LLM-as-judge rubric metrics. Each metric is a prompt template that asks the judge to score the output on a 0.0–1.0 scale with reasoning. Three built-ins:

MetricQuestion it asks
ANSWER_RELEVANCYDoes the output address the input query?
FAITHFULNESSAre the output’s claims consistent with the expected output?
LOGICAL_COHERENCEIs the reasoning chain logically sound?
import { evaluateMetric, ANSWER_RELEVANCY } from '@cycgraph/evals';
const result = await evaluateMetric(
{ input, actualOutput, expectedOutput },
ANSWER_RELEVANCY,
callJudge, // your judge LLM function
0.8, // pass threshold
);
// { passed, score, reasoning, metric }

For CI use, prefer the multi-sample variant — it runs N independent samples and reports stability:

import { evaluateMetricMultiSample } from '@cycgraph/evals';
const result = await evaluateMetricMultiSample(
context, ANSWER_RELEVANCY, callJudge,
{ samples: 3, threshold: 0.8 },
);
// { median, stdDev, samples, stable, passed, reasoning }

stable is stdDev < 0.1 by default. passed requires both stable AND median >= threshold — a flaky test is not a pass. The runner uses this distinction to set exit code 2 on flaky failures so they’re attributable.

Different LLMs have different score distributions. Calibrate against known-score examples before trusting a new judge:

import {
calibrateJudge, getCalibrationSet, ANSWER_RELEVANCY,
} from '@cycgraph/evals';
const examples = getCalibrationSet('answer_relevancy'); // built-in 3-example set
const result = await calibrateJudge(examples, ANSWER_RELEVANCY, callJudge);
// { deviation, adjustedThreshold, isCalibrated }

If deviation > 0.15, the calibrator marks the judge as un-calibrated and lowers the pass threshold proportionally. Wire this into your bootstrap to detect when a model upgrade has shifted the score scale.

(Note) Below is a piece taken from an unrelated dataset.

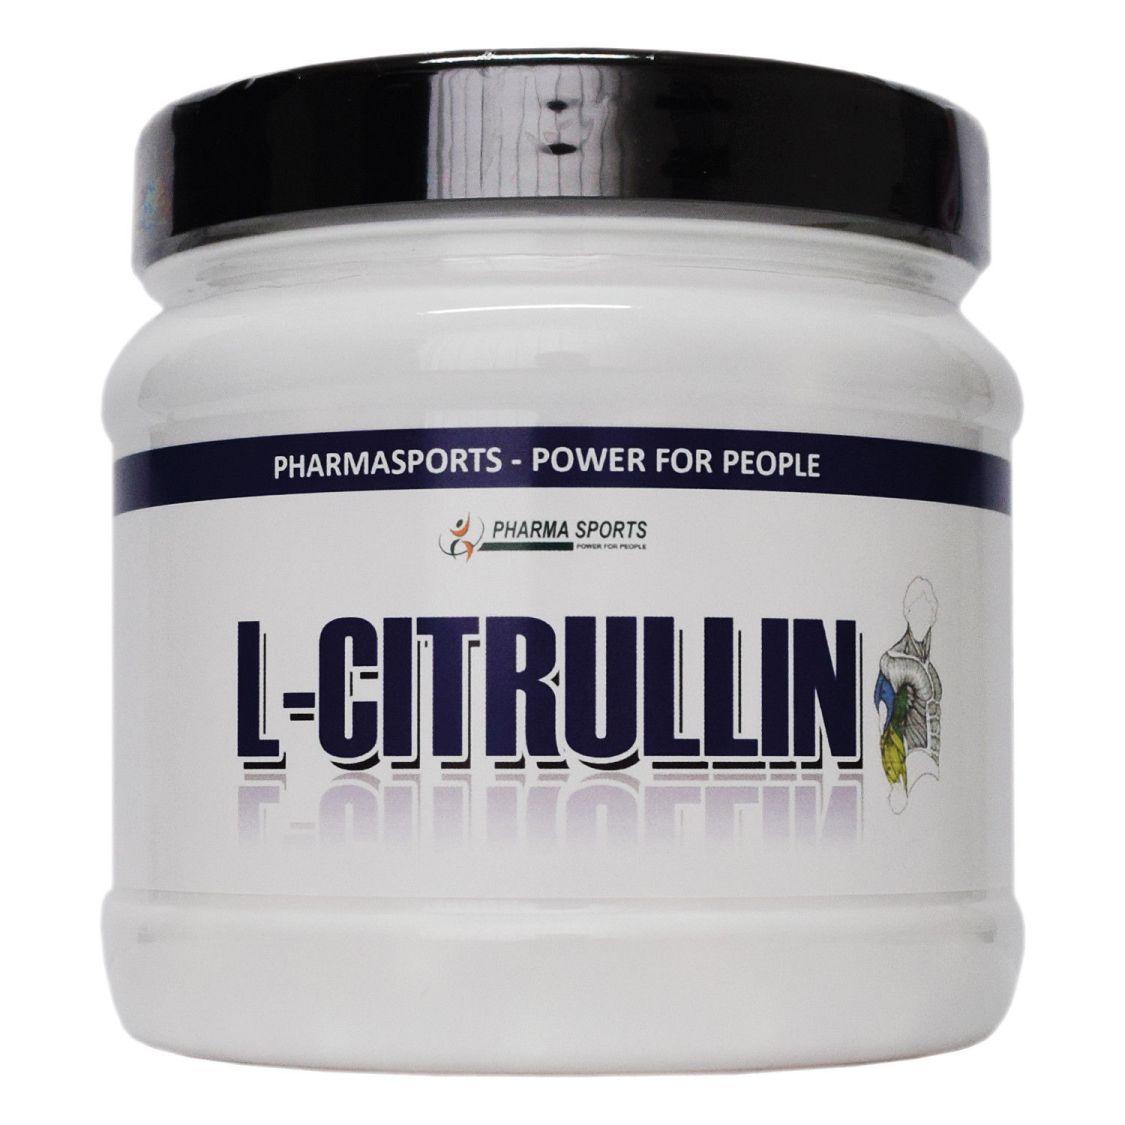 Pharmasports L-Citrullin Kapseln 240 Stück 1000 mg p. Kapsel 4000 mg pro Portion

Use when you need to check meaning rather than structure — “does the answer say roughly the same thing as the expected answer?“

Same shape as semantic metrics but scored against the actual output alone — no expectedOutput required. Useful for open-ended generation, safety screening, and instruction-following assessment.

MetricWhat it scores
INSTRUCTION_FOLLOWINGDoes the output follow the input’s instructions?
OUTPUT_QUALITYIs the output complete, clear, and correct?
SAFETYNo PII, harmful content, or prompt-injection artifacts?
import { INSTRUCTION_FOLLOWING, OUTPUT_QUALITY, SAFETY } from '@cycgraph/evals';

These are exposed but not yet wired into a default suite — see the package roadmap. Apply them via evaluateMetric or evaluateMetricMultiSample the same way as the built-in semantic metrics.

Use when you can’t write down an expected answer but you can articulate quality criteria — typical of generative endpoints.

A single trajectory can drive all four kinds of assertion. The TestCaseResults type carries arrays for each:

interface TestCaseResults {
suite: string;
zodResults: ZodStructuralResult[]; // family 1
semanticResults: SemanticJudgeResult[]; // families 3 + 4
deterministicResults?: DeterministicResult[]; // family 2
}

computeDrift() treats a test as failed if any assertion across the families failed. That keeps the gate strict by default — easy to relax per-suite if you need to.